Crohn’s disease can be challenging to diagnose, treat, and control. For the past few months, I have been running daily fevers ranging from 100 to 102 degrees. I don’t feel sick with these fevers, but as they’ve persisted, my doctors have become extremely concerned. Having a fever while being treated for Crohn’s can be alarming because most of the medications used are immunosuppressants, which increase the risk of infection.
My immunologist ordered some tests, including bloodwork and CT scans of my head, chest, abdomen, and pelvis, to identify the source of the fever. While I thought his response was a little excessive, I realize that he wants to protect my health. The results were mostly normal, except for an elevated erythrocyte sedimentation rate.
I have several health conditions; the three that affect me the most are common variable immune deficiency, severe asthma, and Crohn’s disease. My immunologist ruled out a respiratory infection and contacted my gastroenterologist for his opinion.

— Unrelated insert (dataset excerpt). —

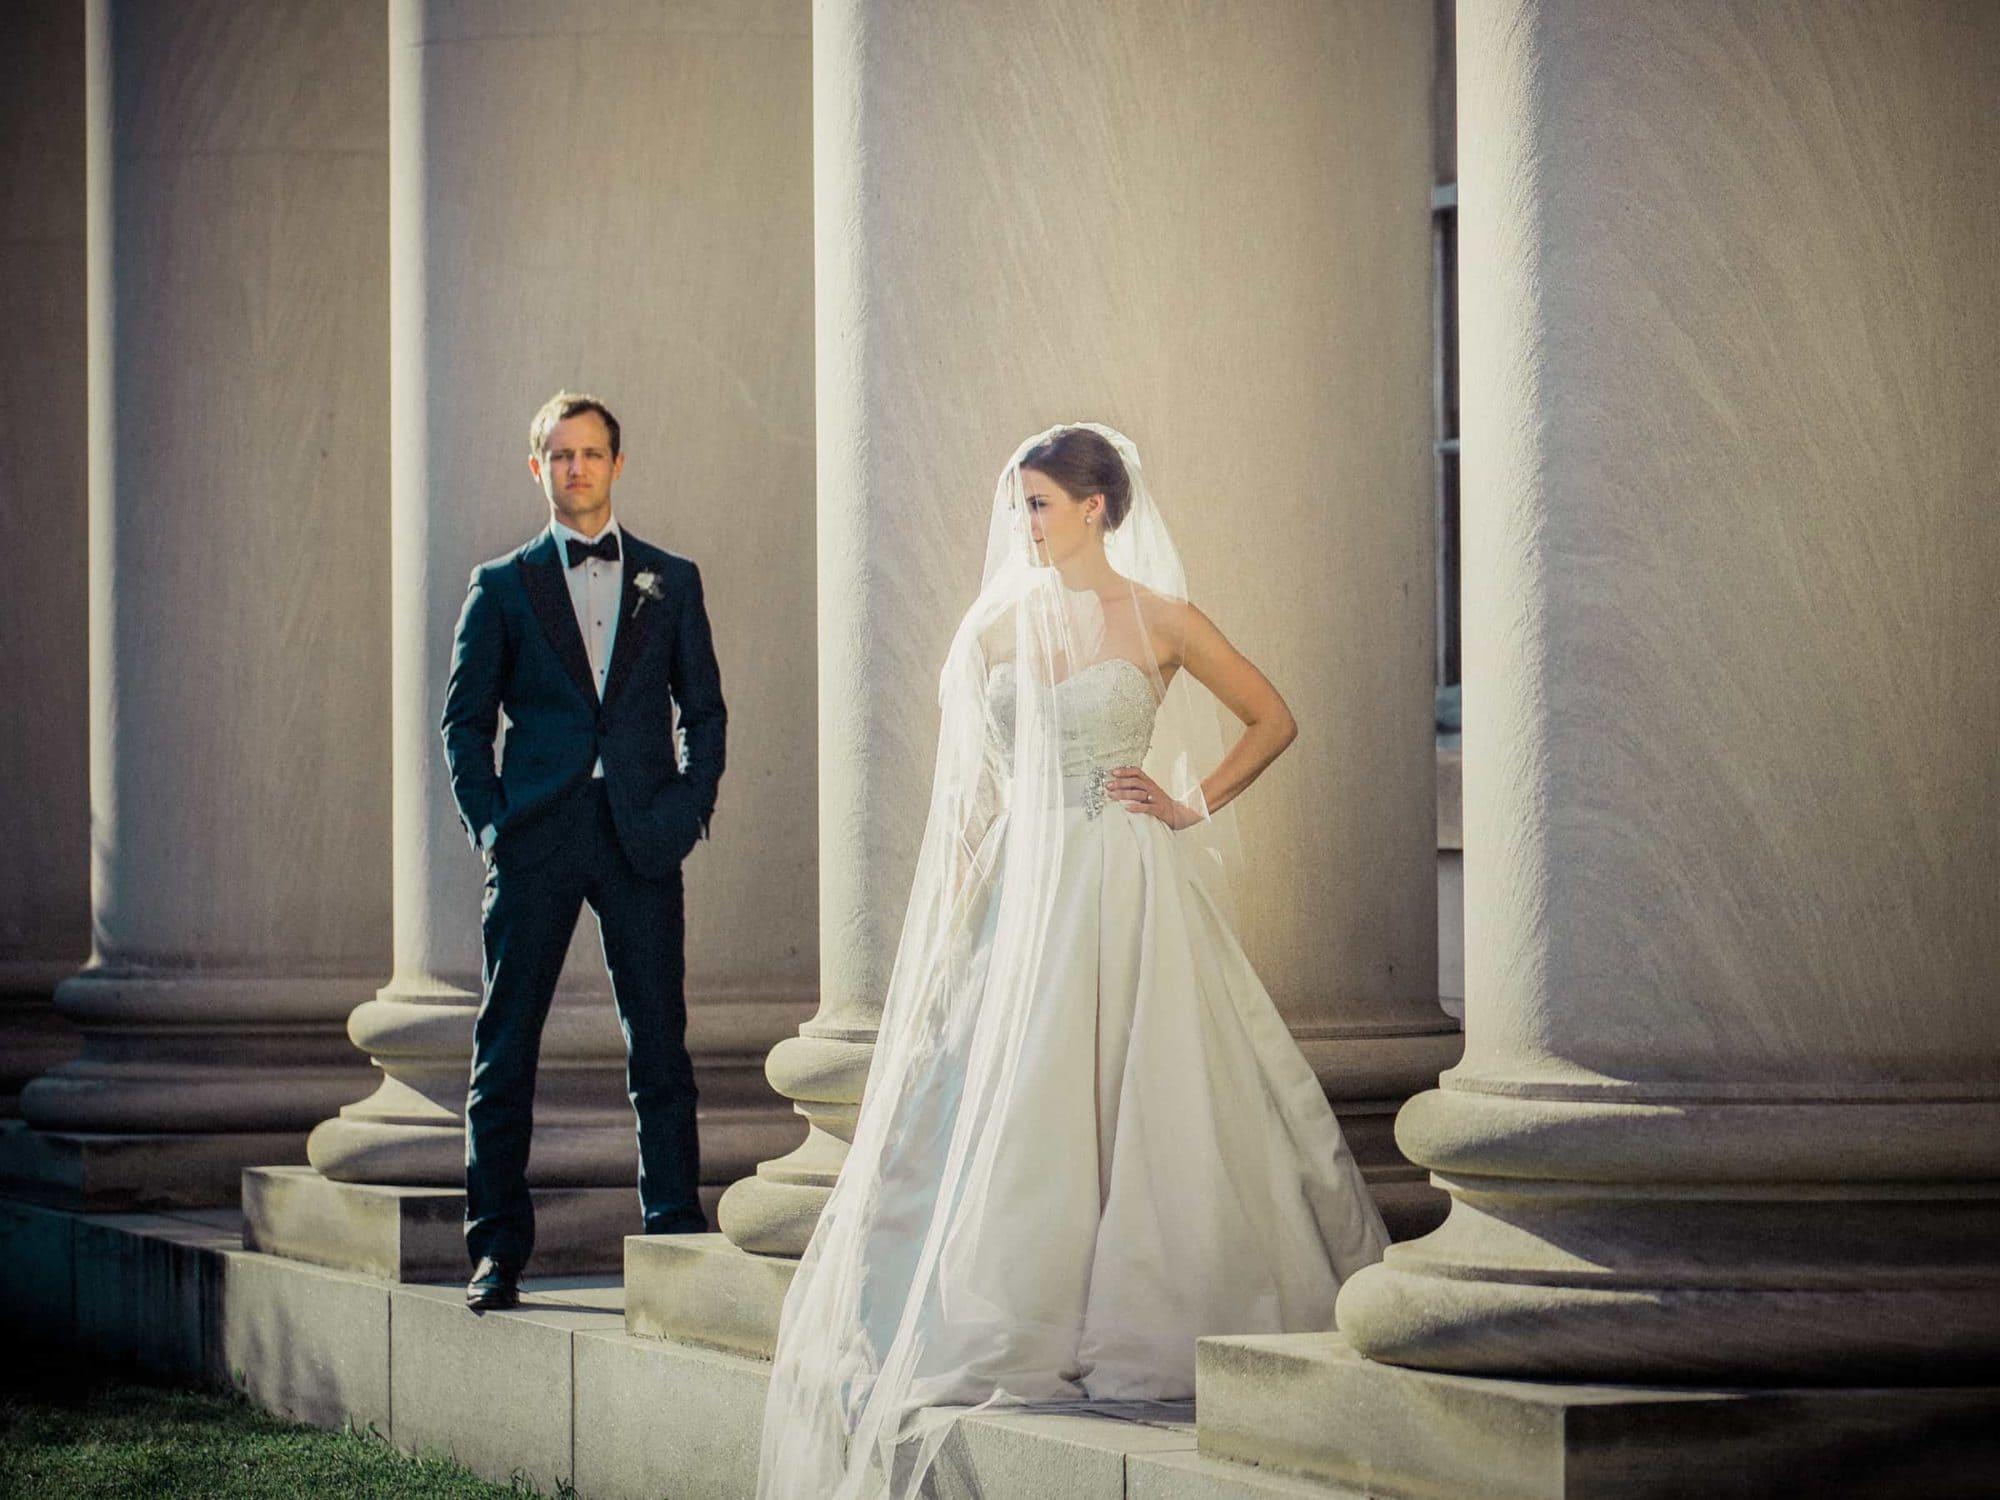 Durham-Post-Office-Wedding-Photos-Couple-Columns-1

Fevers can indicate a Crohn’s flare or disease exacerbation. If you are taking a medication, such as a biologic, and your disease is worsening, it could mean that the therapy has become less effective and a change of prescription might be needed. Other causes of fevers associated with Crohn’s include abscesses, infections, or obstructions. Additionally, many immunosuppressants used to treat Crohn’s can leave you at risk of fungal infections.
Fevers can be present during the development of an inflammatory process. But if I do have inflammation, why don’t I have increased abdominal pain, diarrhea, or worsening of other symptoms? However, I’ve discovered that a fever is possible due to Crohn’s, even in the absence of other typical symptoms.
Earlier this year, I had a lot of gastrointestinal symptoms, so my doctor ordered a calprotectin test. A positive result indicates intestinal inflammation or damage. My levels were elevated, but my doctor thought that my next infusion of Remicade (infliximab) would help. He decided to wait and see, and my symptoms did ease. However, with my recent continual fevers, he wants to investigate this further.
Since a hemicolectomy a few years ago, I’ve had periods of either severe diarrhea or severe constipation. Scans taken during the latter periods showed a buildup of stool in the colon leading up to the anastomoses — a surgical connection between two parts of my intestine — but the remainder of the colon was empty. During my last colonoscopy about eight months ago, my gastrointestinal specialist observed minimal inflammation in the colon except at the anastomoses site, which was severely inflamed.
My doctor fears that the portion of the colon leading up to the anastomoses has motility problems, so I take a medication called Linzess (linaclotide). The medication treats constipation, which is not typical in Crohn’s. I had lacked symptoms of an infection at the anastomoses site, so my gastroenterologist wasn’t overly concerned. But he is now.
I recently had an umbilical hernia repaired, and the surgeon, who also carried out my hemicolectomy, decided that while he was operating, he would examine the outside of my colon. He saw no evidence of an anastomoses leak, which eased his mind. However, he told me that because of the predominant involvement of the internal intestinal lining in Crohn’s, the bowel might appear healthy on the outside.
While my unexplained fevers might be caused by a flare or a problem with the anastomoses, my doctor is adding another medication to my regimen before conducting another colonoscopy. I’m already on Remicade, Bentyl (dicyclomine), and Linzess to treat Crohn’s. He has added budesonide, a milder medication that is often used to treat people after a Crohn’s diagnosis before trying biologics. My doctor hopes that by adding this medication to Remicade, it will decrease the inflammation in the anastomoses and stop my fevers in their tracks.